The diversity of cancers is due to the fact that there are numerous different types, along with many different mutations. In previous blogs we have discussed how both heterogeneity and the tumor microenvironment (TME) play a role in tumor progression, metastasis, and resistance, as well as how stromal interactions and the immune microenvironment are influenced by therapies.
However, it has proven to be quite challenging to study stroma-specific components because of the complexity of isolating stroma from tumor cells. This isolation can be done by either physical microdissection or in silico via bioinformatics.

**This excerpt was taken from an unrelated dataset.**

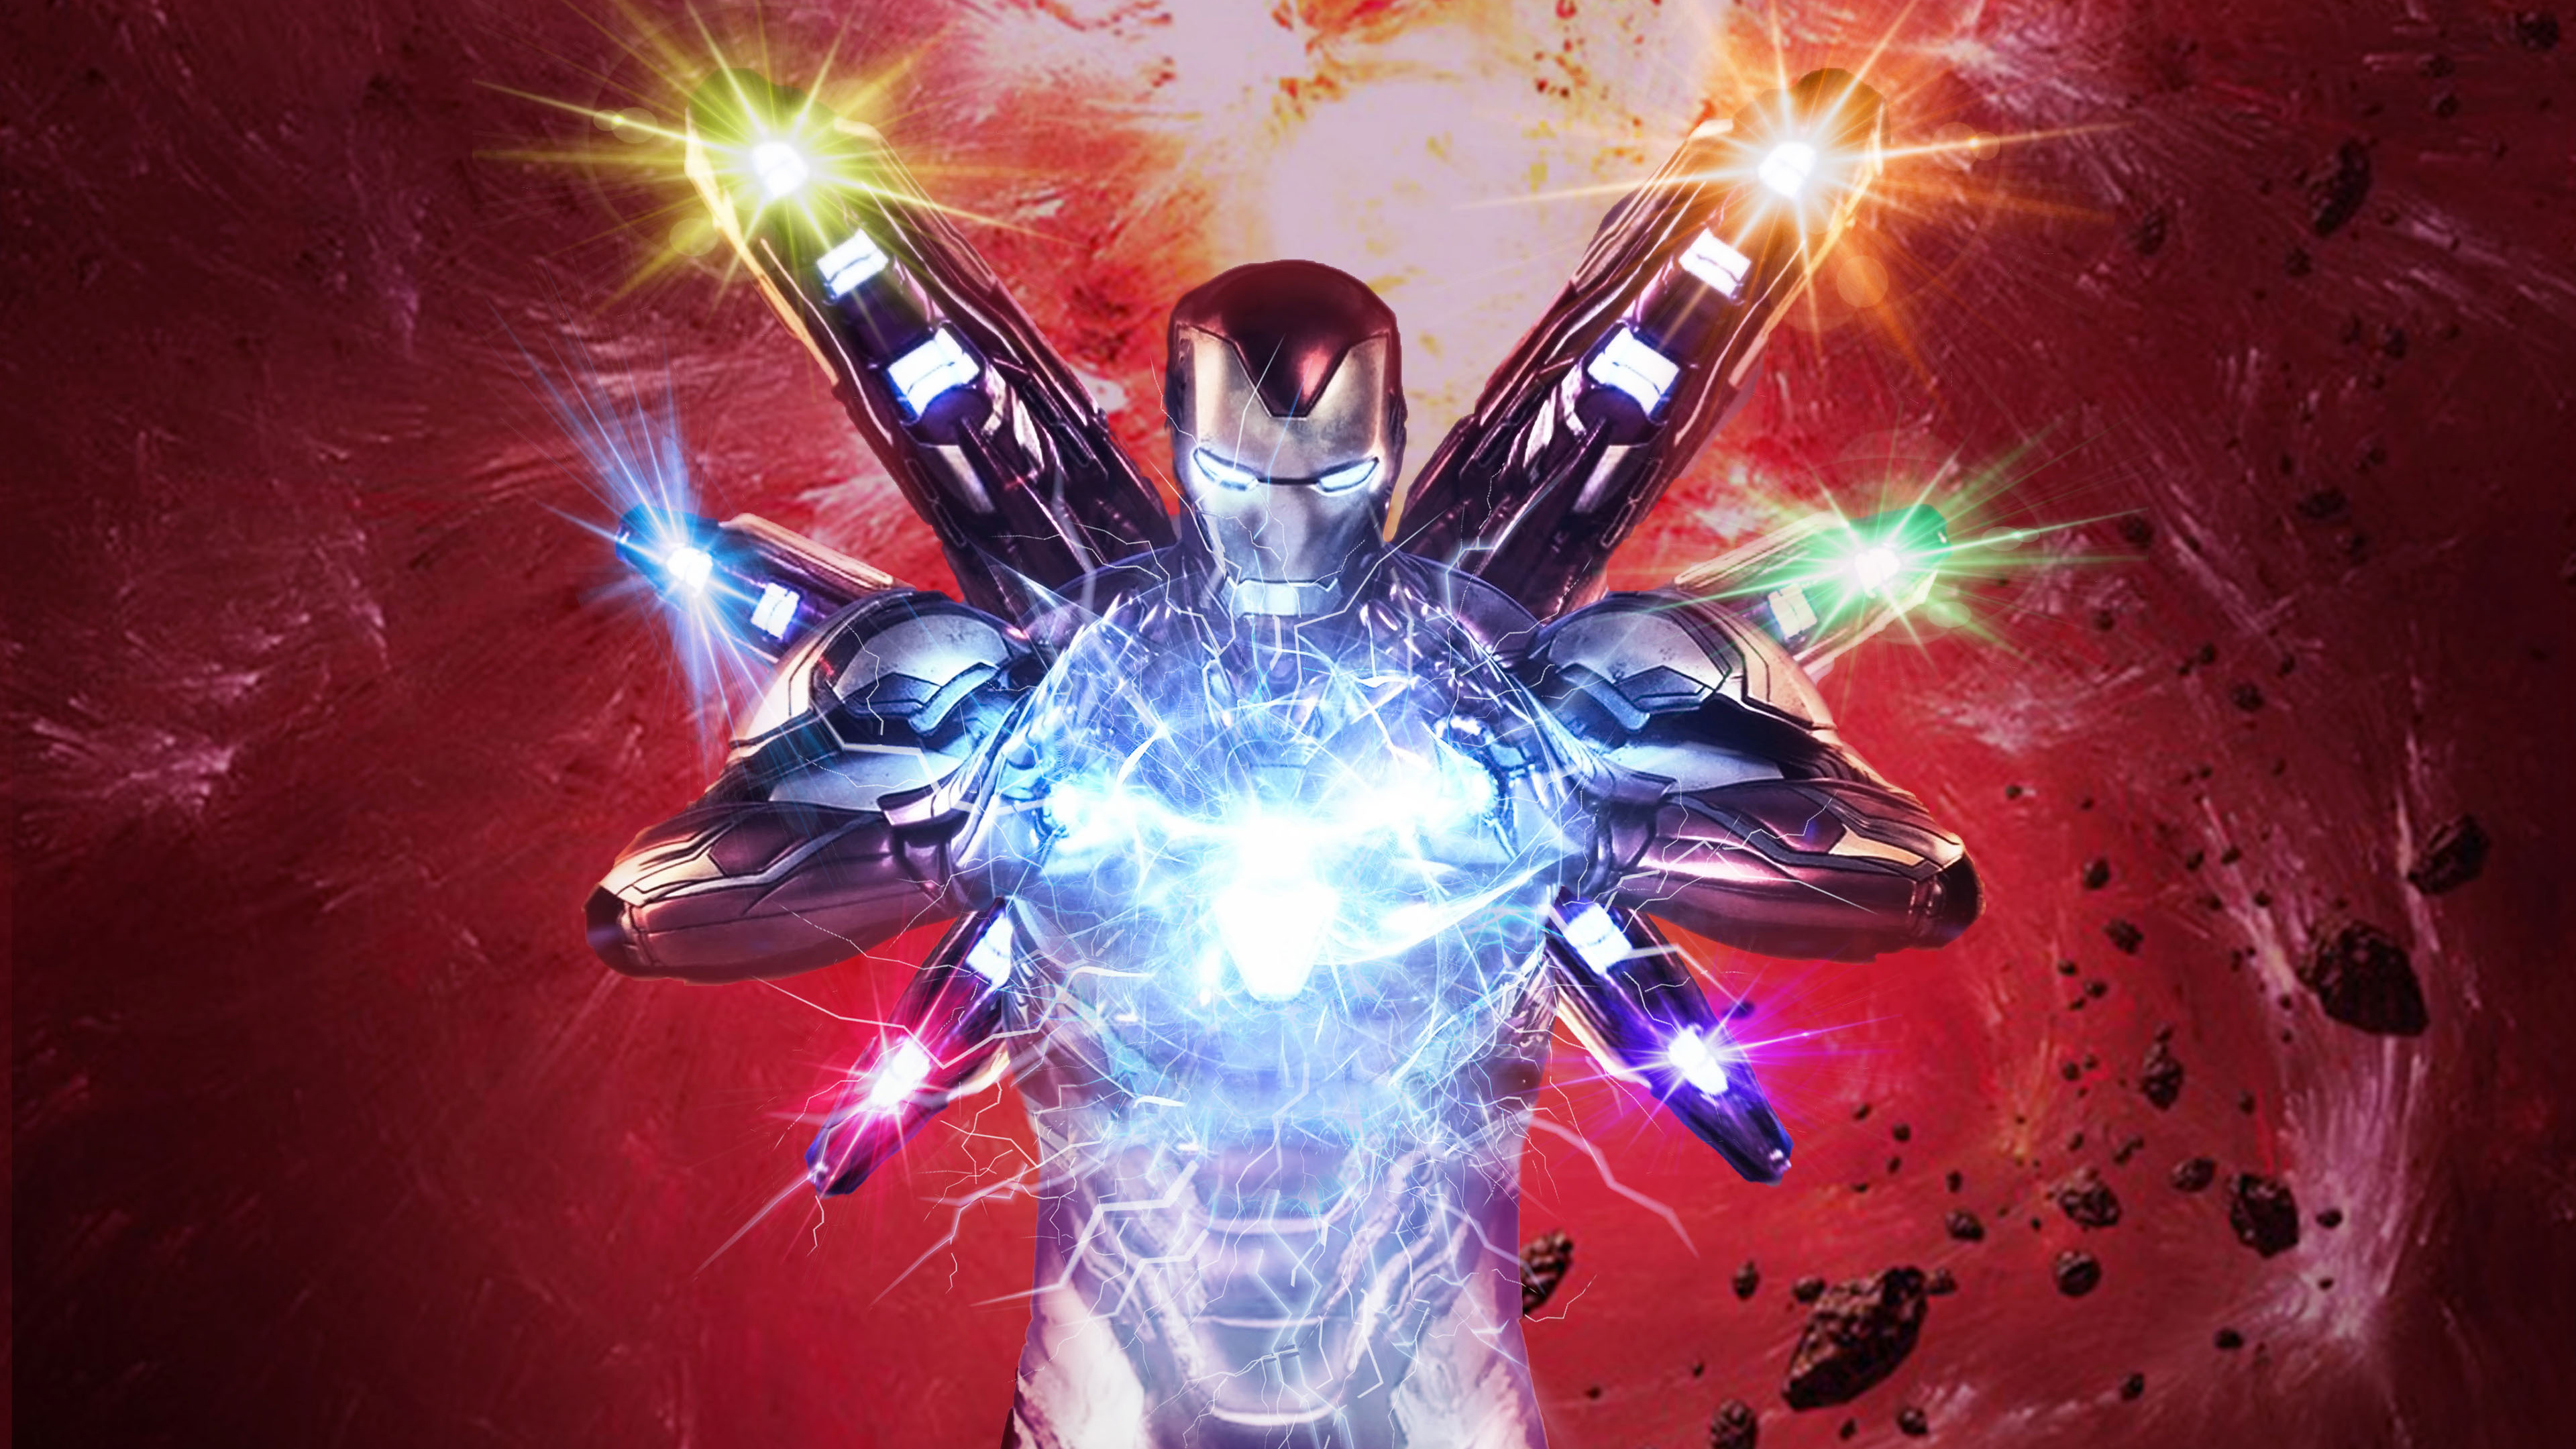 Download mobile wallpaper Iron Man, Avengers, Movie, Tony Stark, The Avengers, Avengers Endgame for free.

Patient-Derived Xenografts Mirror Patient Tumors
We have also previously discussed why patient-derived xenograft (PDX) models have been coined to be predictive, but to recap PDX mirror patient tumor:
- Histopathology
- Molecular pathology
- Cellular biology
- Response to treatments
- Heterogeneity within and among patients
PDX Genomic Integrity and Heterogeneity Provide Vital Tools to Study the TME
Therefore, PDX models are essential to study the TME due to the genomic integrity and heterogeneity being preserved in these models, which was the focus of our short talk and one of our 13 posters at this year’s AACR-NCI-EORTC International Conference.
PDX models have been shown to be quite a predictive indicator of tumor sensitivity and resistance. Furthermore, human and mouse components can be separated in silico, resulting in PDX being an excellent model to study tumor-stroma interactions.

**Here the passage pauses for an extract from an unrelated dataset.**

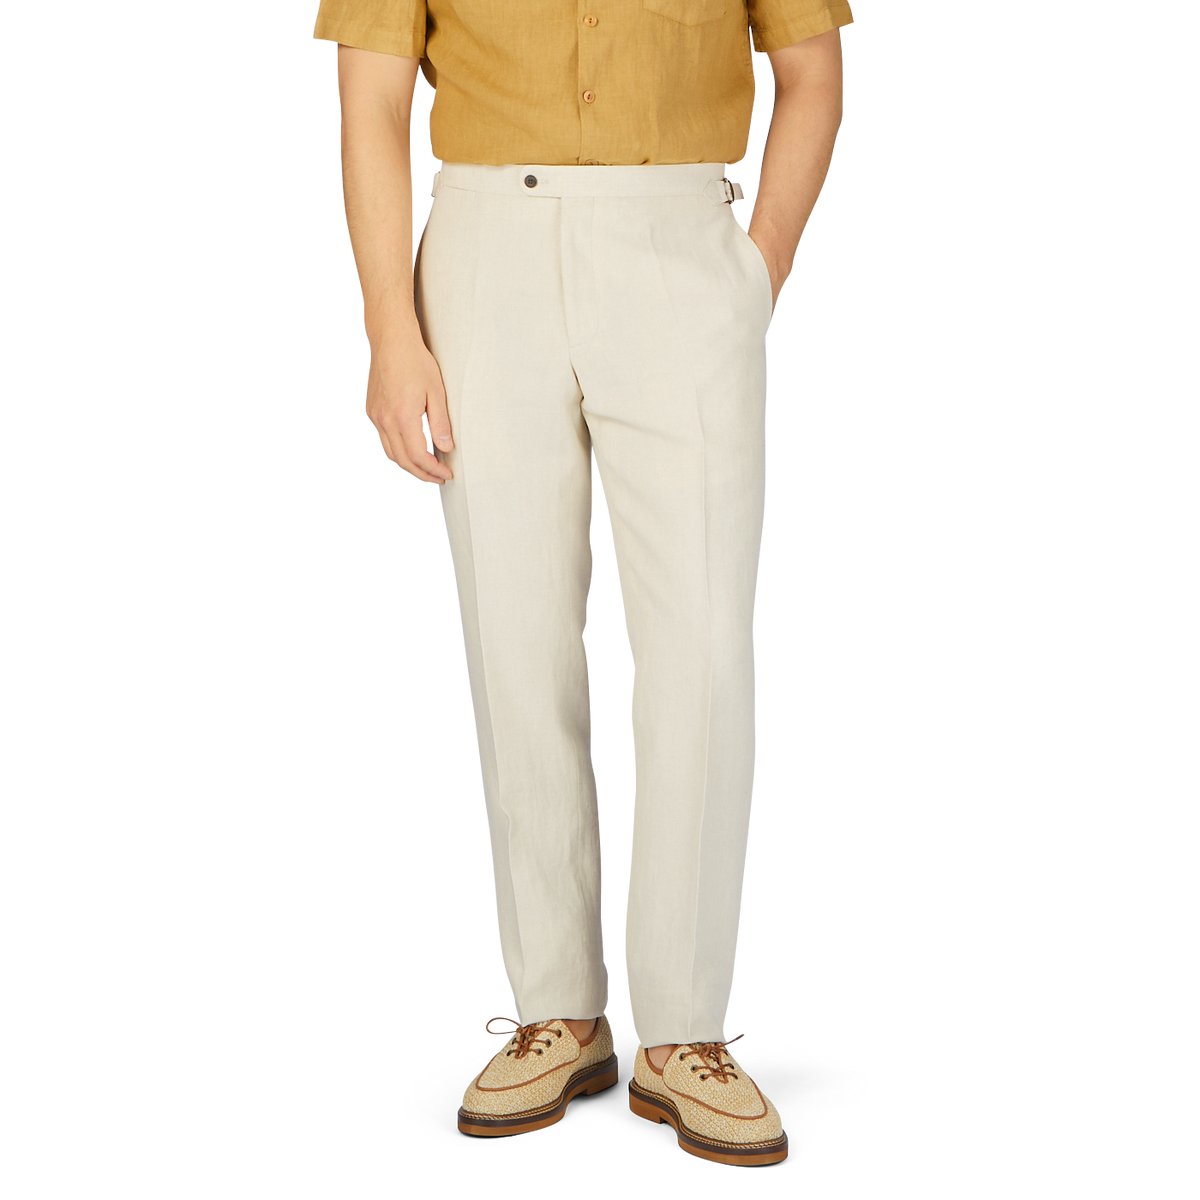 A man in Baltzar Sartorial Light Beige Pure Linen Flat Front Trousers.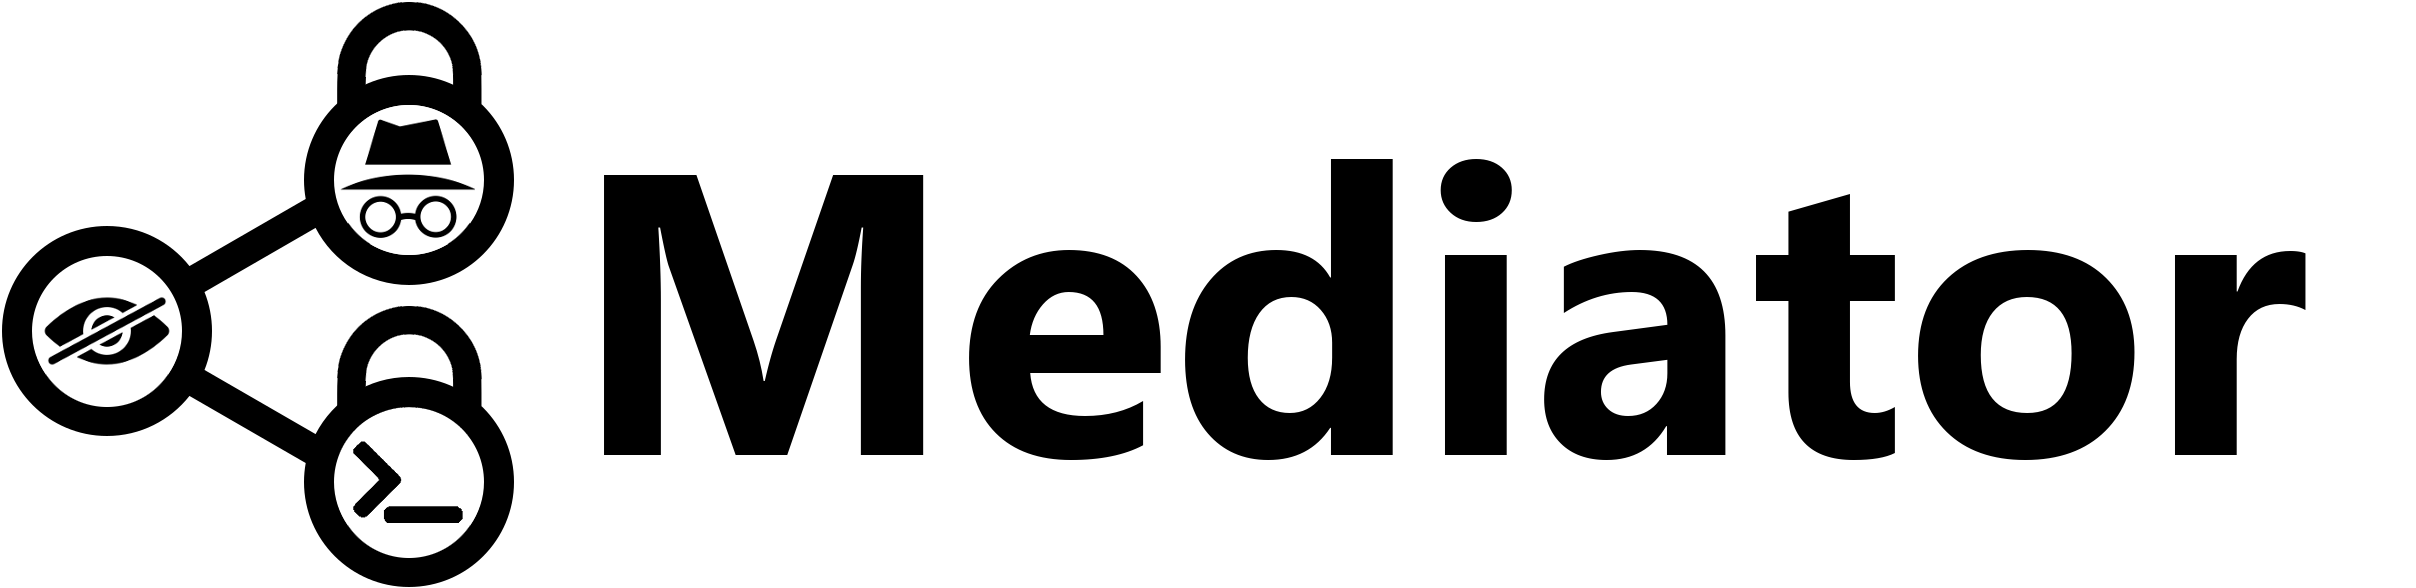 mediator logo

Whole Transcriptome Sequencing for Analysis
In order to accomplish this, research groups can utilize whole transcriptome sequencing (RNAseq) on PDX models and align reads obtained to both human and mouse genomes in order to differentiate between human and mouse content.
Mathematical algorithms can then be incorporated to evaluate infiltration of human immune and stromal cell populations from gene expression data in order to generate cellular signatures. From this data analysis cross-species (mouse and human) expression networks can be constructed to identify novel relationships between mouse and human genes in PDX collections and specific cancers.
Future Directions: PDX Utilization to Model Human Patient TME?
Future directions for unraveling human and mouse stromal and immune components may possibly lead to PDX utilization to model human patient TME.